» Exercise goal: A verbatim copy of all the data is required, minus any images.

» Material provided:

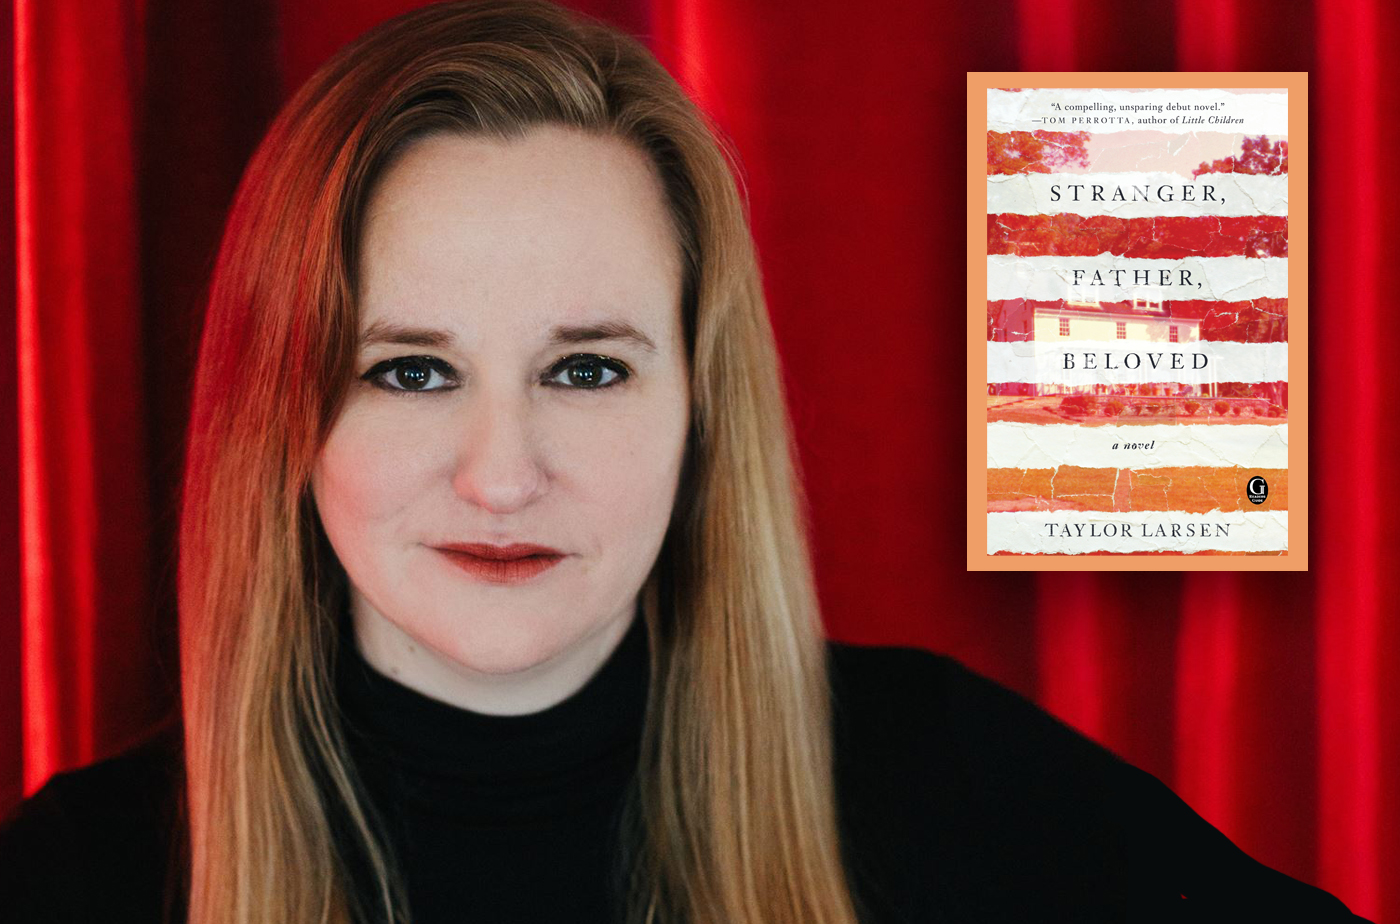 Catapult online classes: Taylor Larsen, 12-Week Online Novel Draft Generator, Novel, Fiction, Workshop
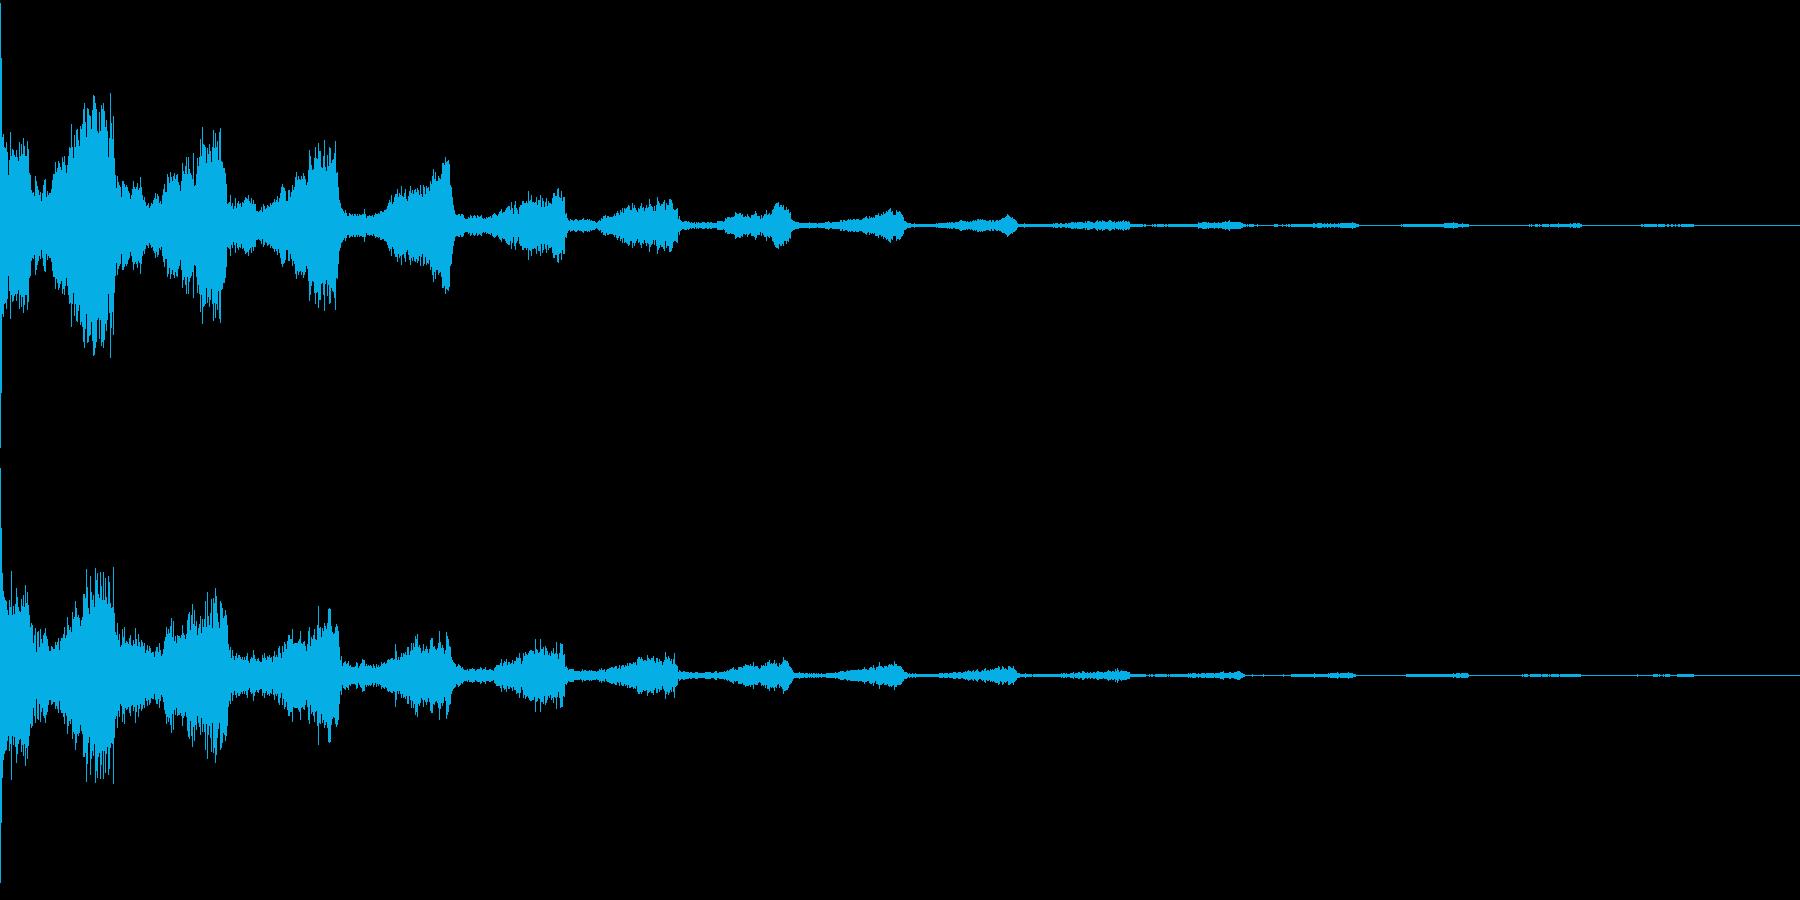 EDM コードインパクト 音楽制作用の再生済みの波形
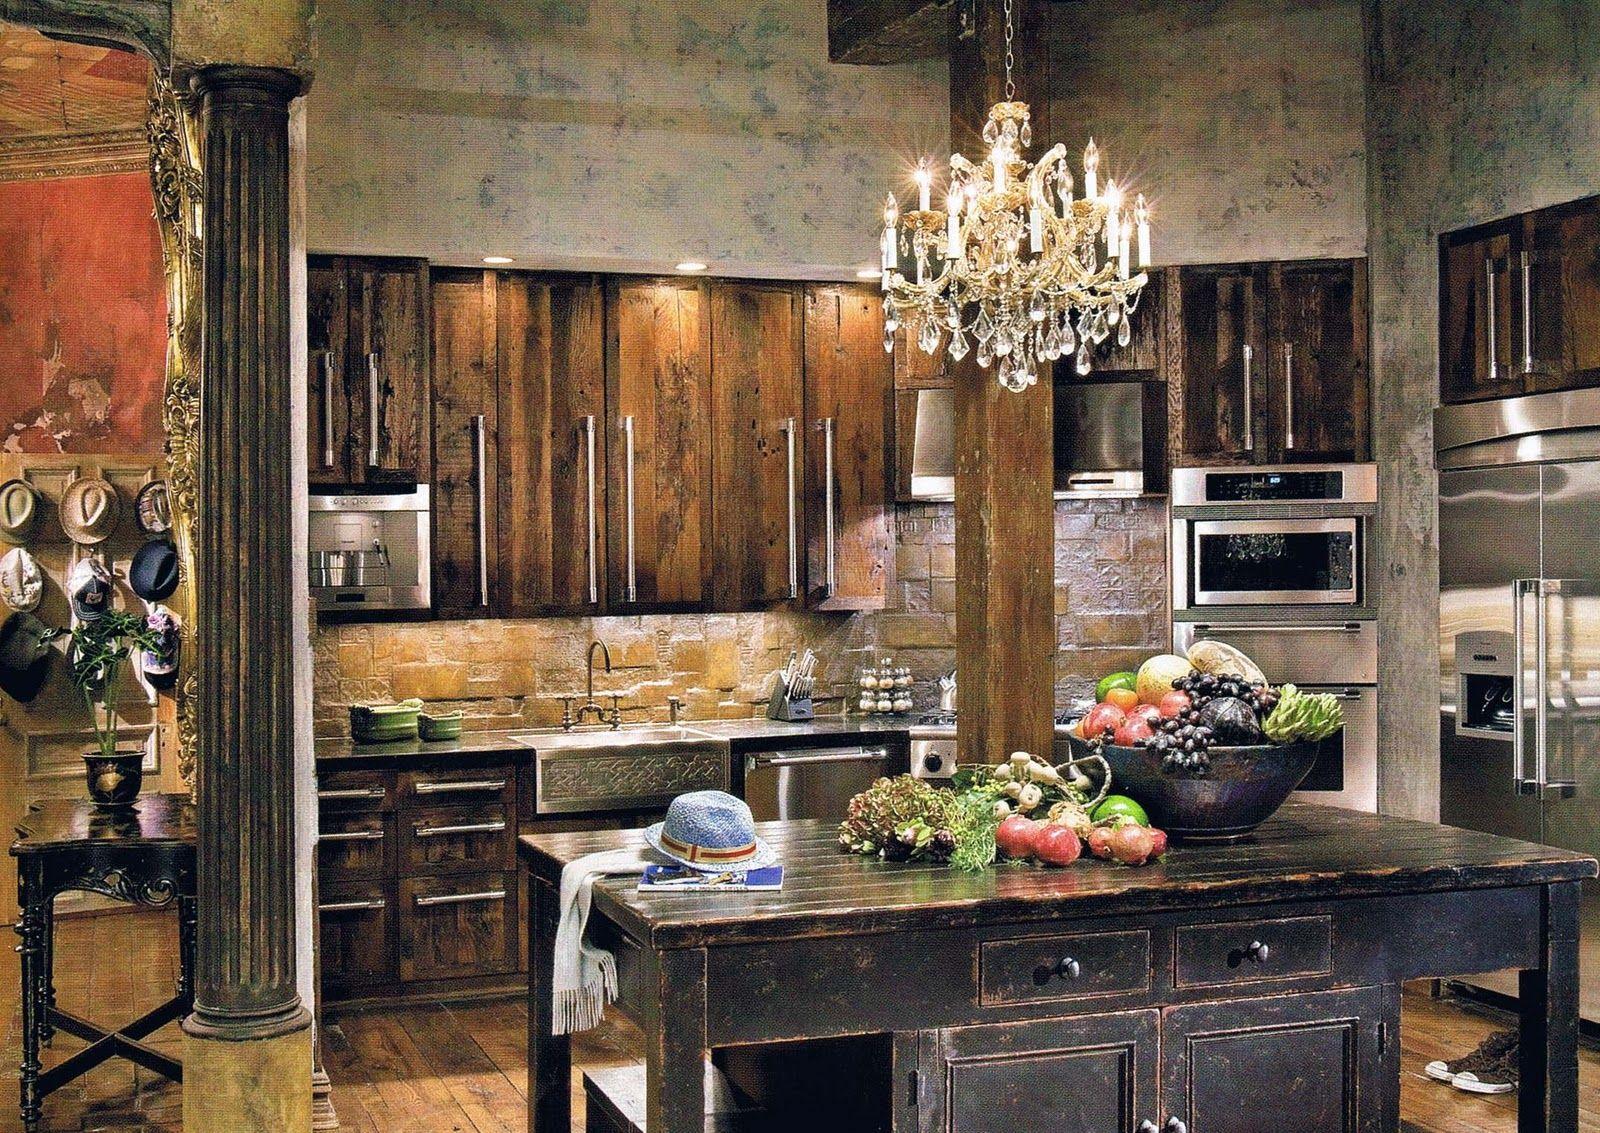 Modern Rustic. Gerard Butler's Home. Interior Design By

» Output of the exercise:
 Catapult online classes: Taylor Larsen, 12-Week Online Novel Draft Generator, Novel, Fiction, Workshop
 EDM コードインパクト 音楽制作用の再生済みの波形
 Modern Rustic. Gerard Butler's Home. Interior Design By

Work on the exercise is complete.